Department of Homeland Security (DHS) issues Notice to Appear (NTA) with EOIR to initiate removal proceedings. Upon receiving this charging document, EOIR decides whether the individual may be deported.
There are three possibilities for receiving a Notice to Appear:
- as an “arriving alien” who has been stopped at a port of entry before admittance,
- being an immigrant who is already in the U.S. and has not yet been admitted or paroled,
- an admitted immigrant who has now been deemed deportable for a reason listed on the NTA.
While the USCIS has always had the authority to issue NTAs, it had traditionally utilized this authority sparingly, usually only when the petitioner had a criminal conviction.
With recently updated policy guidance, immigrants will receive a Notice to Appear and be placed into removal proceedings if they apply for modifications of their visa status, green cards, or naturalization and are denied.
On the other side, it is possible to receive an NTA if they are charged with a crime or any association with the activity that the Department of Homeland Security (DHS) considers to be criminal.

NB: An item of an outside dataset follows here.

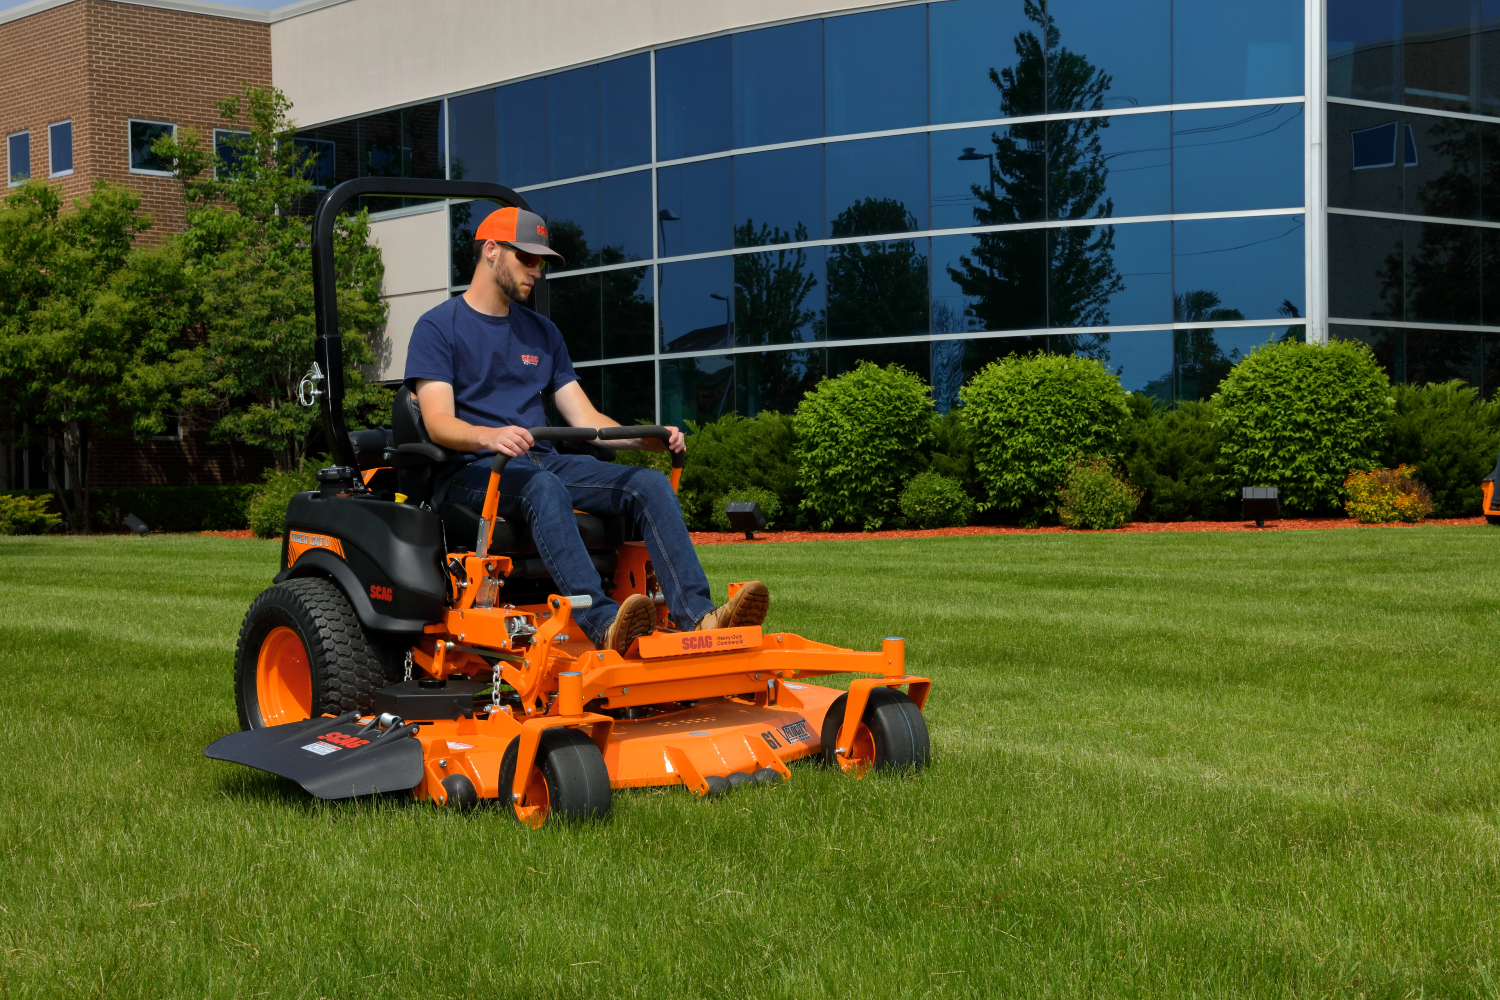 Man on a zero turn riding lawn mower is mowing a lawn outside of a glass office building

Immigration court decisions can be appealed to the BIA. BIA will review the papers and decide on appeals, but in infrequent circumstances, it may invite you to hear oral arguments at their headquarters. These decisions are binding, but there is also a chance that federal courts or the Attorney General overrule them. If you lose your appeal before the BIA, for some matters, you may file a petition for review in the Federal Court of Appeals in your respective circuit where the original case was filed, and you will have to do it within 30 days of the BIA decision.
If you are invited to appear in Immigration Court on a criminal or civil matter, you may find this situation inconvenient to handle on your own. In the Detroit area, there are some prominent law offices established specialized in immigration matters that you can hire to handle your case.
The immigration court system is the entity where immigration judges decide on immigration matters.